We are not planning on any new powers in the regions, which means that we do not justify any new money in the sense of it coming from the centre of government. We have made it clear that the regions will be able to precept the local authorities; and, in answer to the second question put by the noble Lord, Lord Pearson, that the Government will take responsibility for the negotiations on the total amount of EU spending anyway.

Lord Stoddart of Swindon: I want to help the Minister and I want him to be able to help us. Therefore, I should like to refer back to the article that the Chancellor of the Exchequer wrote in The Times on 6th March. Perhaps I may read a paragraph from it. He stated:


    "With our plans to increase UK funding for regional policy, devolve decision-making power to the regions and return key regional policy responsibilities from the EU back to Britain, the future control of regional economic policy is moving from Brussels to London and then from Westminster to the nations and regions themselves".

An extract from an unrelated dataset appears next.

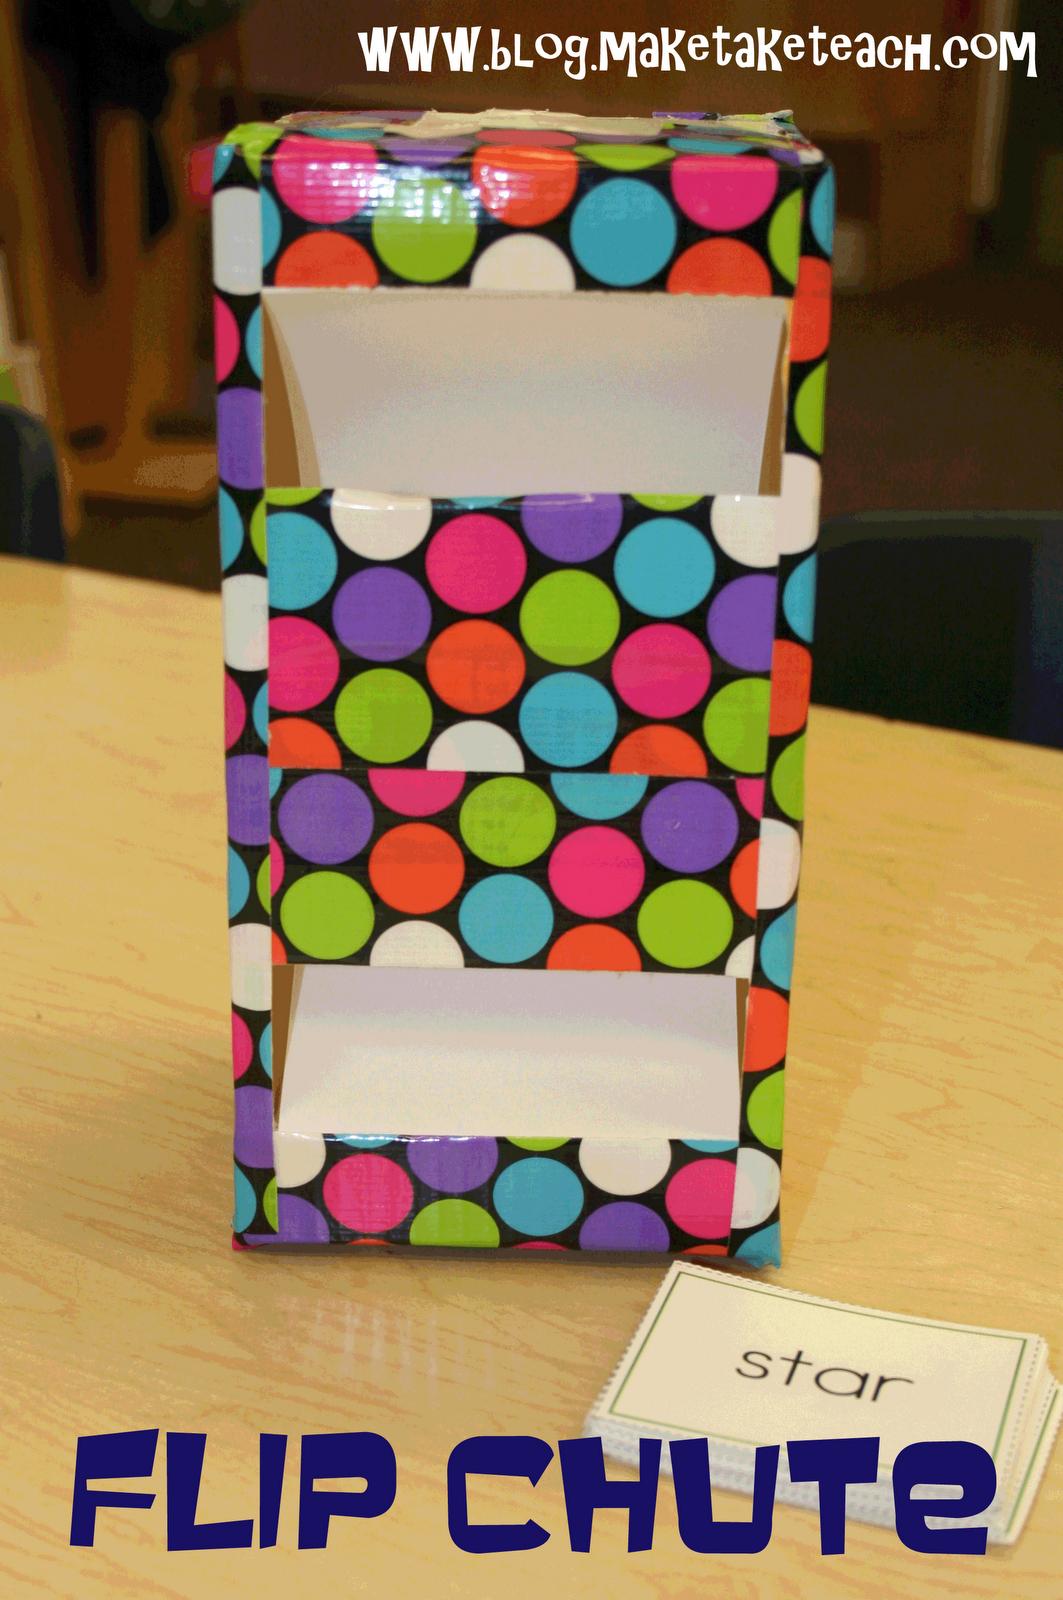 Classroom DIY: DIY Flip Chute  http://www.classroomdiy.com/2012/06/diy-flip-chute.html#
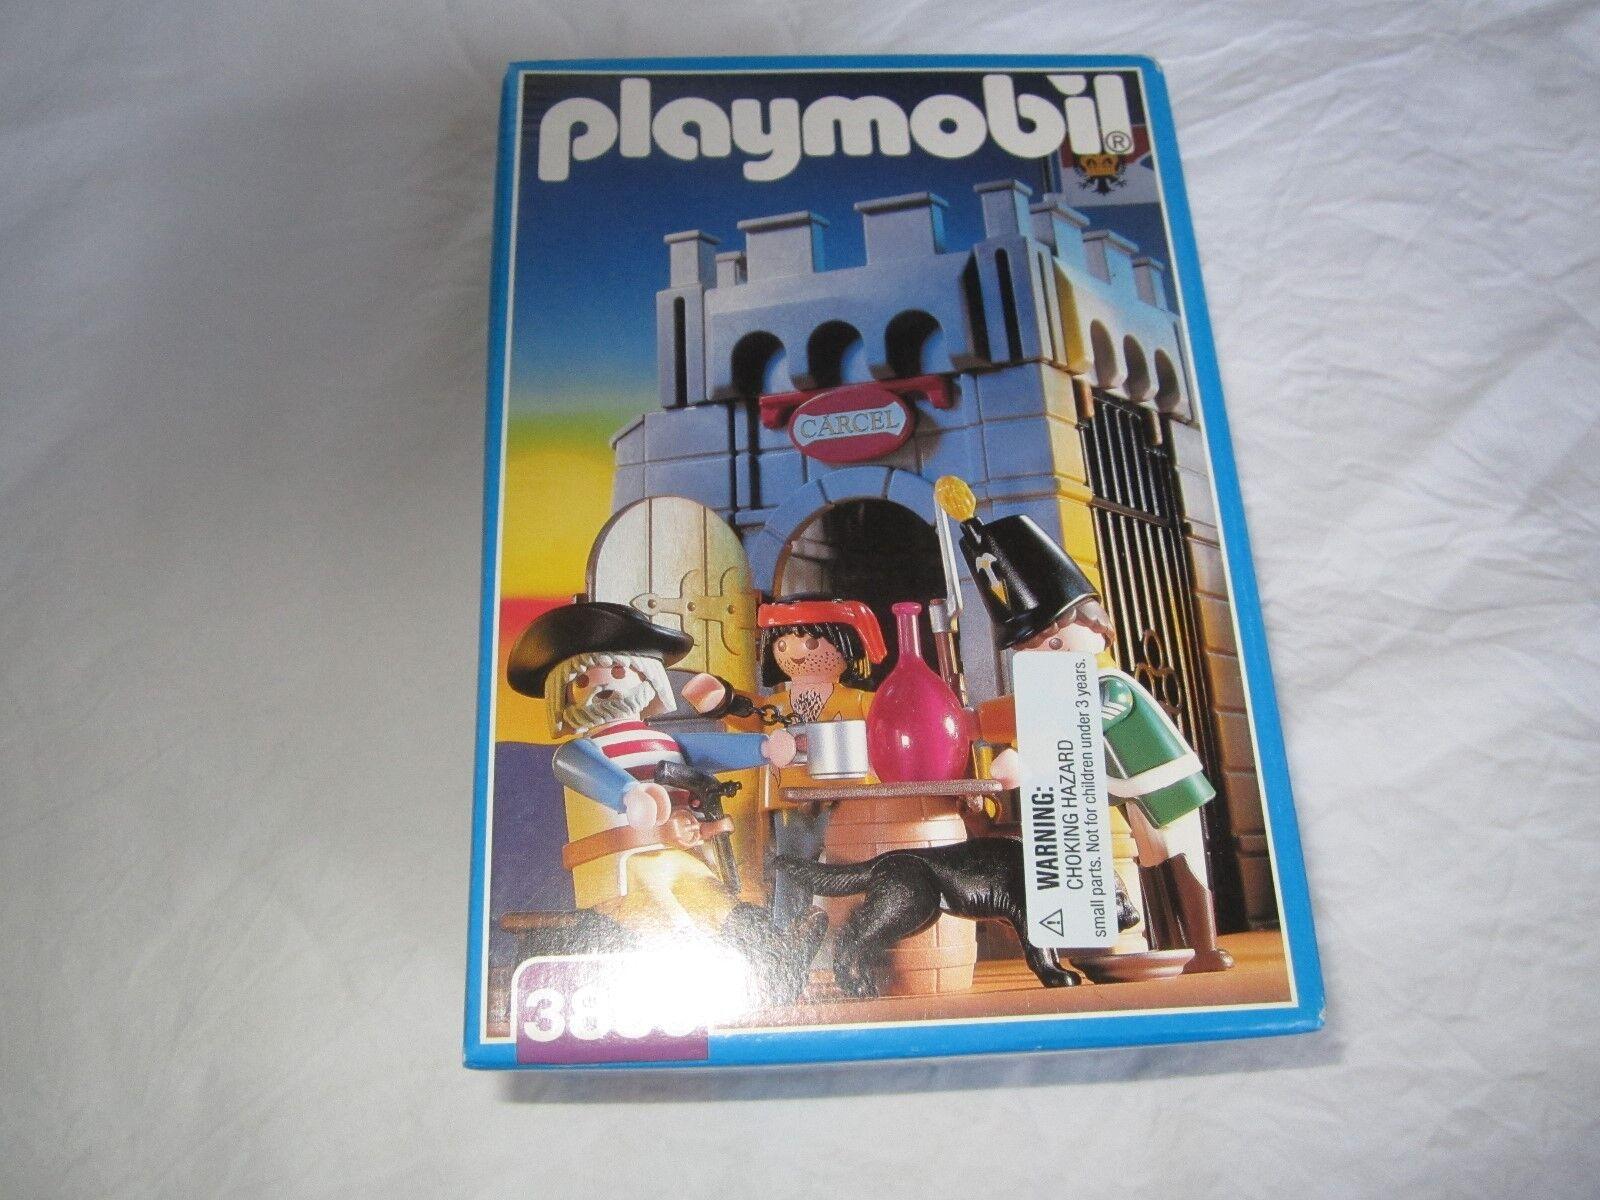 Playmobil piraten soldaten gevangenis jail prison 3859 3112 9998 3113 3054 new

If some of us thought that that could be brought about, and that the Chancellor was indeed moving to remove powers from Brussels relating to regional policy and the allocation of funds—partly our taxpayers' funds—from Brussels to the regions; if we believed that that would be devolved from Brussels to our own Government and then to the regions, that might cast a different reflection on the debate.

Lord Rooker: I fear that I have still not got round to reading the Chancellor's article, but I have read reports about it and I know the thrust of it. The point is that that does not undermine paragraph 4.31 of the White Paper. That paragraph does not say that the regions will go to Brussels to negotiate for money. It says that they will take over the current role of the government officials who negotiate the detail of the single programming documents, and then the management of the funding in order to deliver the objectives of those documents. So paragraph 4.31 is fully consistent with what the Chancellor wrote in the article that my noble friend has quoted—obviously with great support on all sides of the Committee, which may enable us to make a little progress.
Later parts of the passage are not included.